UK 'dopers...tell me your thoughts about the NHS

As people have said, taking an ‘average wait time’ for something like an MRI is an utter irrelevance. You’re including yourself on the list with someone who’s had a bit of a dodgy toe for the last 6 months, and thinks it’s about time they should maybe get it checked out.

I had a microdiscectomy on the NHS; I was referred to a surgeon within 2 days once it was clear the problem was serious (until then, a ‘wait and see’ approach was recommended, as all spinal surgery carries a risk of paralysis). There were some delays, but mainly in the very early stages, when it didn’t seem like anything bad, and at the end, when the ball was firmly in my court regarding asking for further treatment, but, y’know, paralysis risk, not that inviting, so I left it til it was really bad.

So, I saw the guy, he looked at my scan results, gave me a quick exam, and said (and I swear he got a kick out of this) "I’m going to highly recommend you have surgery. The current waiting list is approximately 10 weeks.

You’re the worst case on it, would you rather stay and have it this evening or come back in the morning?"

Even if you do wind up being told you have to wait for some diagnosis or treatment element, you have the option to pay for it privately if you’d like, and you can even have the rest of the treatment on the NHS. My Mum did that; knee problems, not very serious, so she had a wait, but she had a physical job and was freaking out a bit, so paid for diagnosis privately, then got referred back to the NHS for physio.

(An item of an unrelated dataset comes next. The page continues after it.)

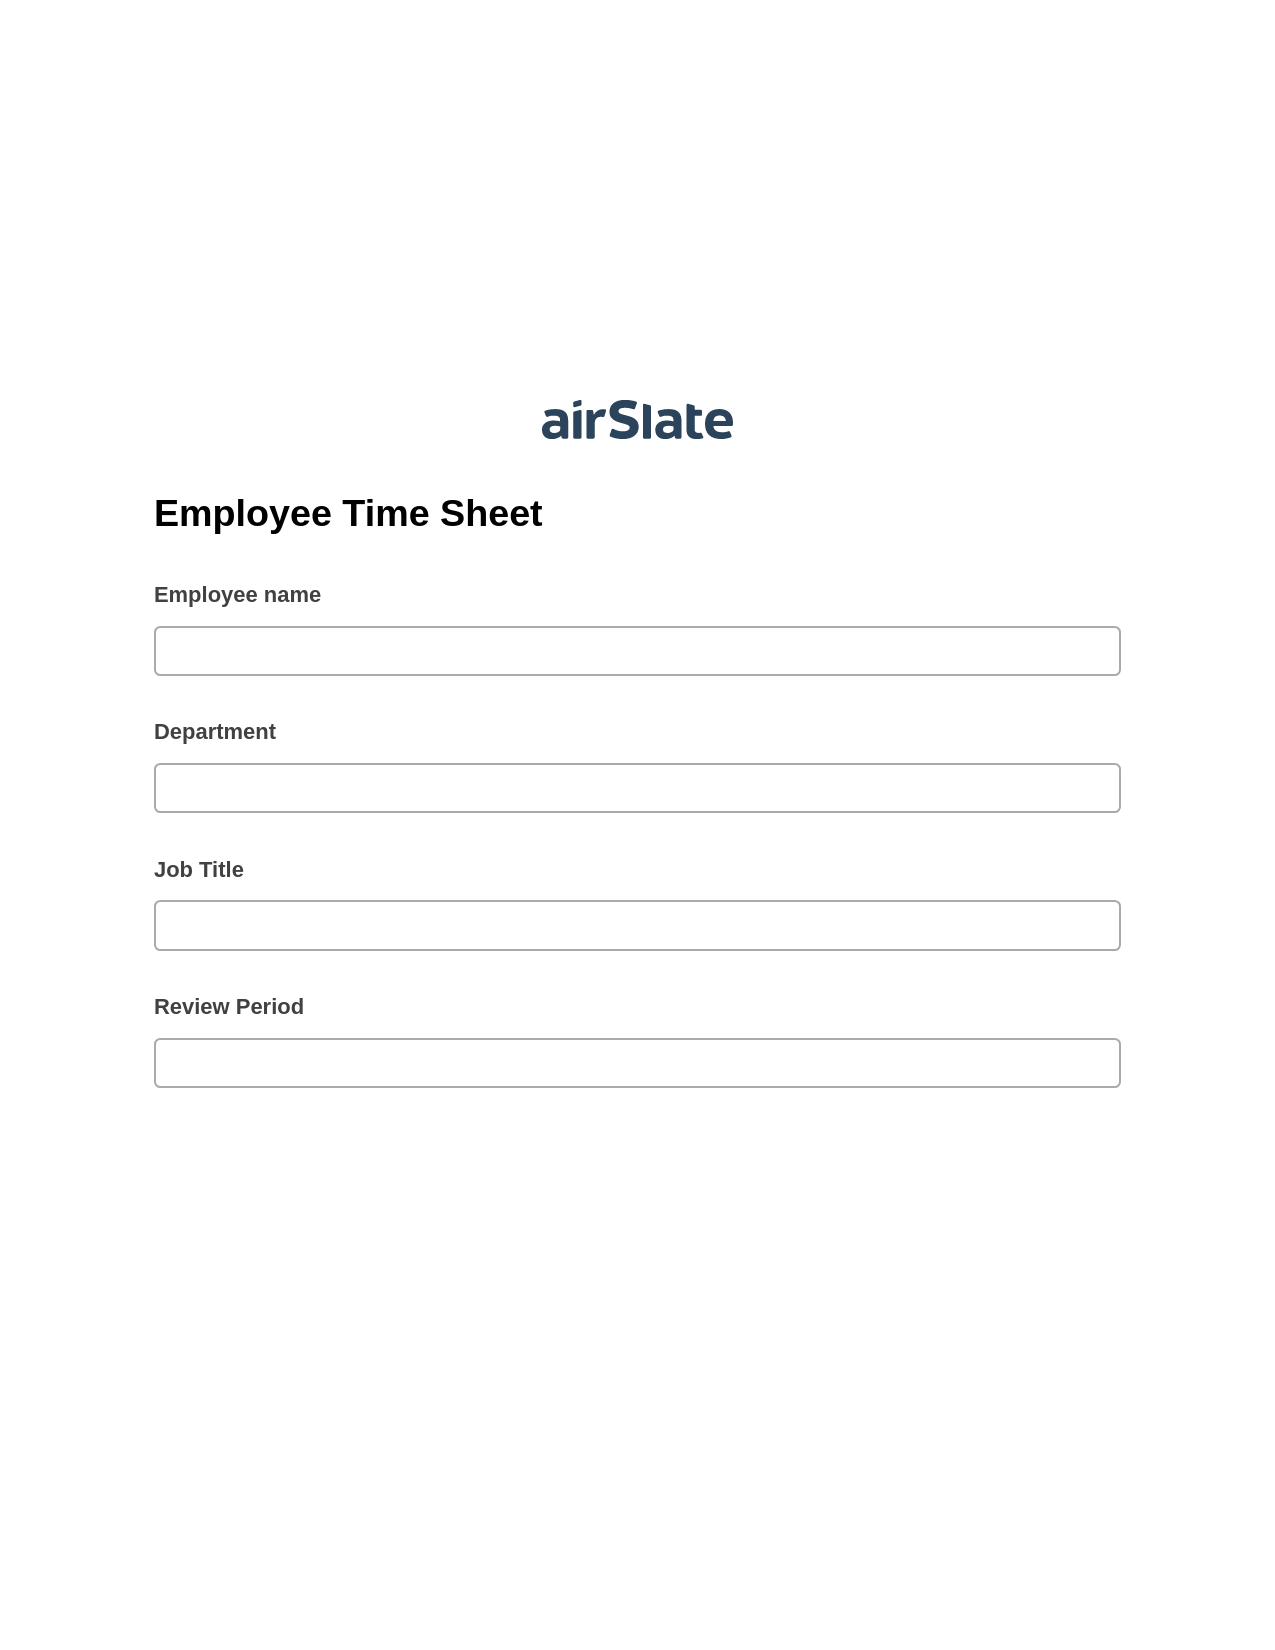 Multirole Employee Time Sheet Pre-fill from another Slate Bot, Google Cloud Print Bot, Export to NetSuite Bot

My particular GP practice has about 12300 people registered with them. The system works by paying an annual fee for all of them rather than per item of service for those who actually use them.

That pays for 10 doctors (not all of them full-time) plus a couple in post-medical school training, half a dozen nurse practitioners (who have assorted special interests, like maternity/family planning, smoking cessation, diabetes and so on) and a couple of phlebotomists who also double up on other jobs.

Yes, I would often be routed to an NP for routine checks and minor matters.

the point is that I went through 10 medical events consisting of doctors/specialists/diagnostics/surgery at my bidding without waiting for something that was never considered an emergency (until it became one). Any delay waiting in any of that combination would have cost me my leg. This is in comparison to the NHS system of long waits that would have delayed that process. What you’ve posted in comparison is the ability to pay twice for the same medical care because the tax based service failed to meet your medical needs. Are you carrying a separate insurance policy?

Isn’t your argument based on ‘average’ waiting times?

If so, it’s a pointless argument - there is no ‘average’ if your case is urgent.

No one deals in ‘averegs’ in real world healthcare, it’s a statistical convenience is all.

Is the NHS postcode lottery in any way tied to the wealth of the neighborhood being served? Do the richer neighborhoods get better care or is it the same quality as the poor neighborhoods?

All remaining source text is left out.